I'd say we were well into the trip, my oldest brother, in front of me, was reading a cheap paperback science fiction novel and my other older brother was flopping about in the back-back seat trying to sleep.  I'd been watching the fields and barns and cows and power lines.  My mom grabbed the worn gray Thermos bottle off the long bench between them, clicked off the cup and unscrewed the lid.  She poured him a couple of sips, nearly upending the nearly empty bottle, and I remember the steam coming off the little stained stainless-steel cup.  The aroma of that dark black percolated Folgers mingled with the rich earthy smell of the Camel and I recall feeling good, safe, content.  My Mom asked Dad, as he passed back the cup if he was alright.

"I was just thinking, I guess," he said with a smile I could not see but somehow heard.

It was the same with Mr. Barnes in that field.  Down between his feet in a cardboard box, nestled into a wooden crate that was somehow affixed to the tractor, was his daily stash of jars.  They were in, of course, the box the jars had originally come in with little dividers, twelve I'd guess, and they were covered with a wet towel to keep them at least cool.  Of course, a man can't wrastle a tractor and a plow with one hand, so he had to stop and have his drink.

I was watching him from my perch in a tree we played in as boys, he was probably a football field away (a common measurement in the Midwest) and I couldn't really see his face but, it occurs to me now, I'll bet it held the same expression Mrs.
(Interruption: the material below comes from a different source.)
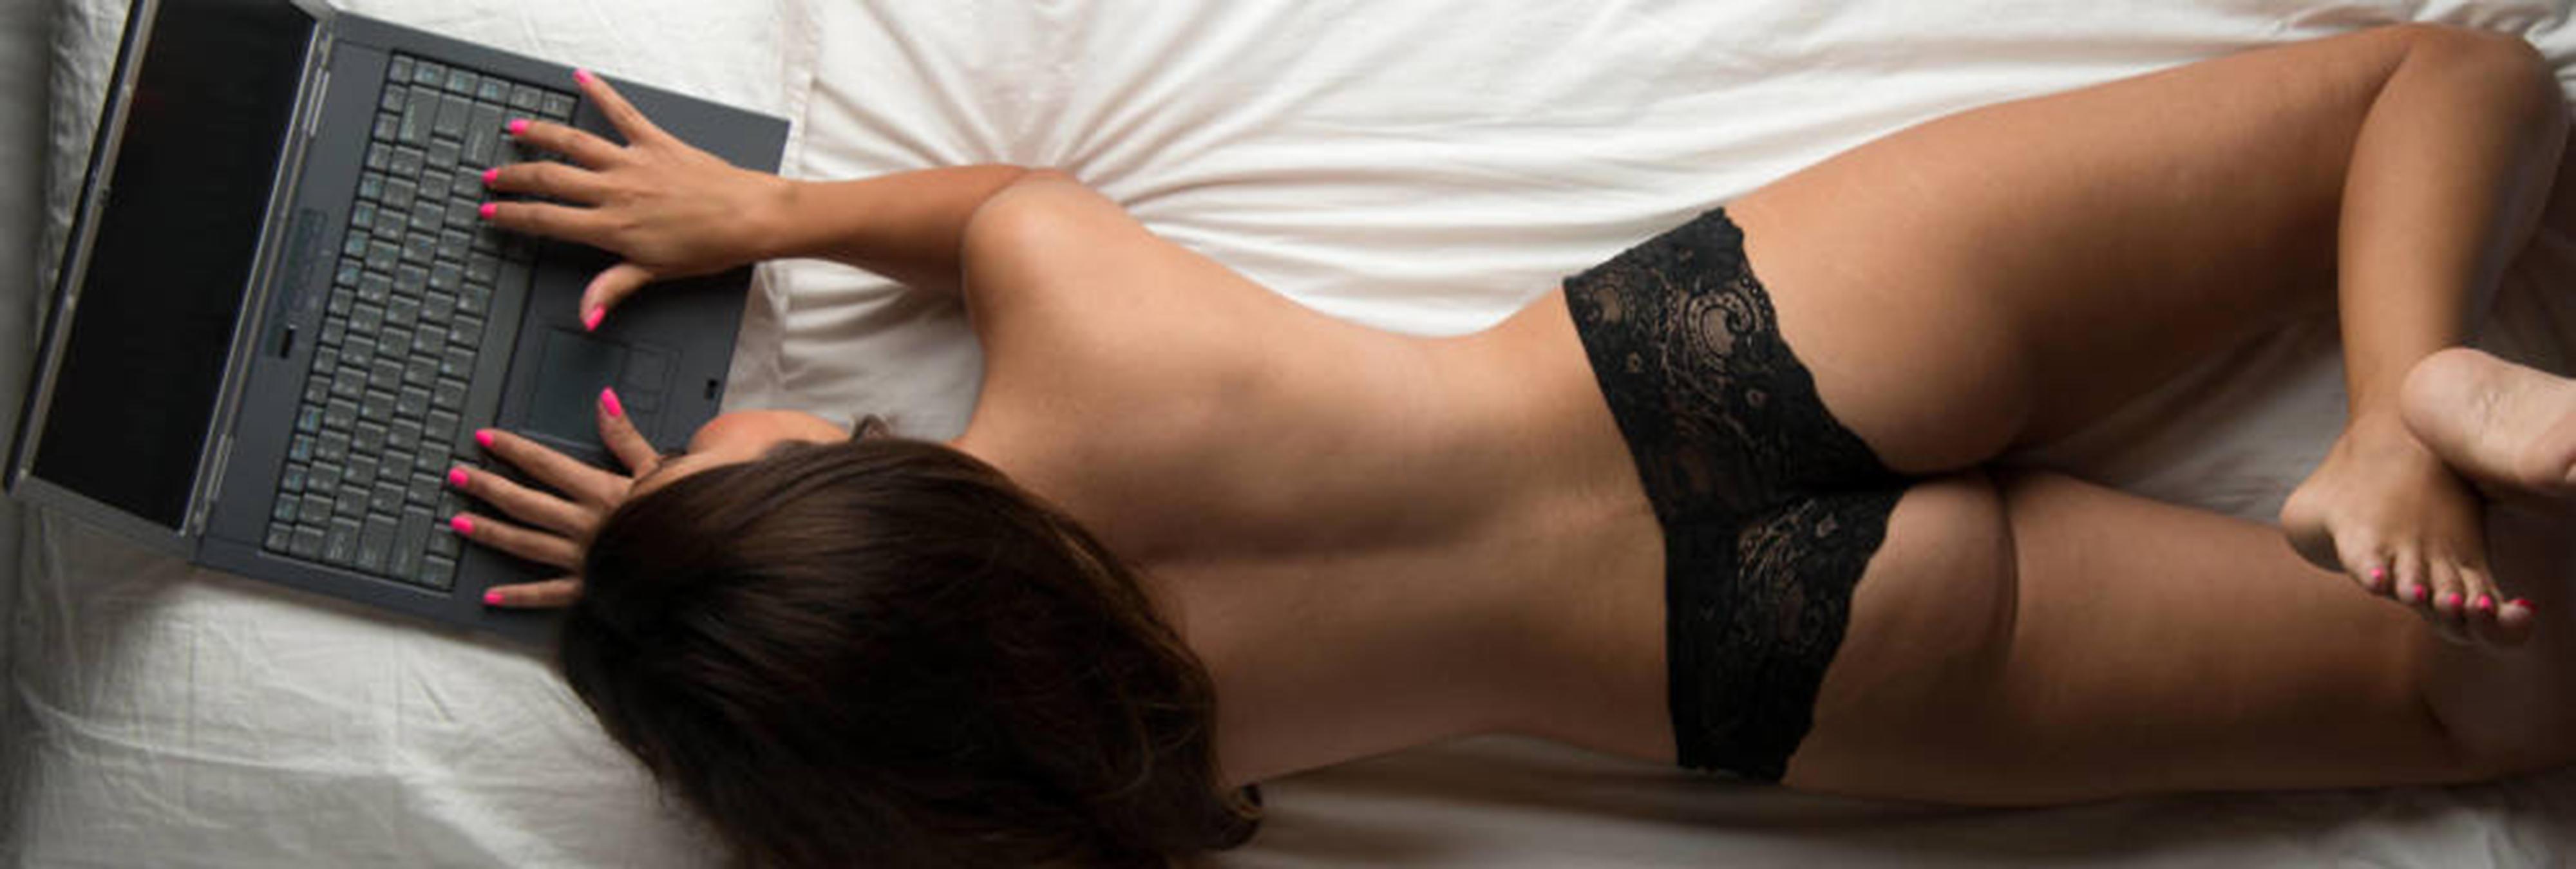 A las mujeres también les gusta el porno... Pero de otro tipo

M.'s had.  I could tell he was gazing into the distance; the field was plowed to where he was under that big tree, and he was looking towards the beige stubble of the unplowed half.  I'd guess, if one could have asked him what he was doing, he'd've answered "Collectin' my thoughts."


So, my advice isn't to not have a take-out coffee or drink from a water bottle, but, occasionally at least, do something that slows you down.  In a way, I think we all want to do it.  It's there in that moment you forgot that you were watching a baseball game on TV and are just staring at the pretty moving picture.  It's there when you wait in your car, engine running, to listen to the end of an old favorite song or symphony.  It's there watching a child sleep or a sun rise.  I know you recognize it in others, that wistful look on another's face.  A "faraway smile" you could say.  You've most likely had to get someone back from that place.  I've had to do it with you boys.  I see Marci do it - she'd usually smiling as she does, which is sweet.

I suppose, in truth, what I am talking about here is "mindfulness."  Yeah… no.  That makes it seem like a goal or a state of existence or a trance or something you need direction with.  As I said, it is something we all do, this "thought collecting."  What I am suggesting is simply to recognize your soul in it, your self.

If I were a man of faith (which I am) I might make one final observation (which I will).  As I look back on these moments - each serene, quiet, rich, even poignant - I sense something else.  I wonder if perhaps I saw it then, considering that I can so readily recall the details.  I wonder if I haven't always sensed it…

A prayer perhaps?

Peace, boys.

And to you kind reader, thanks for coming around.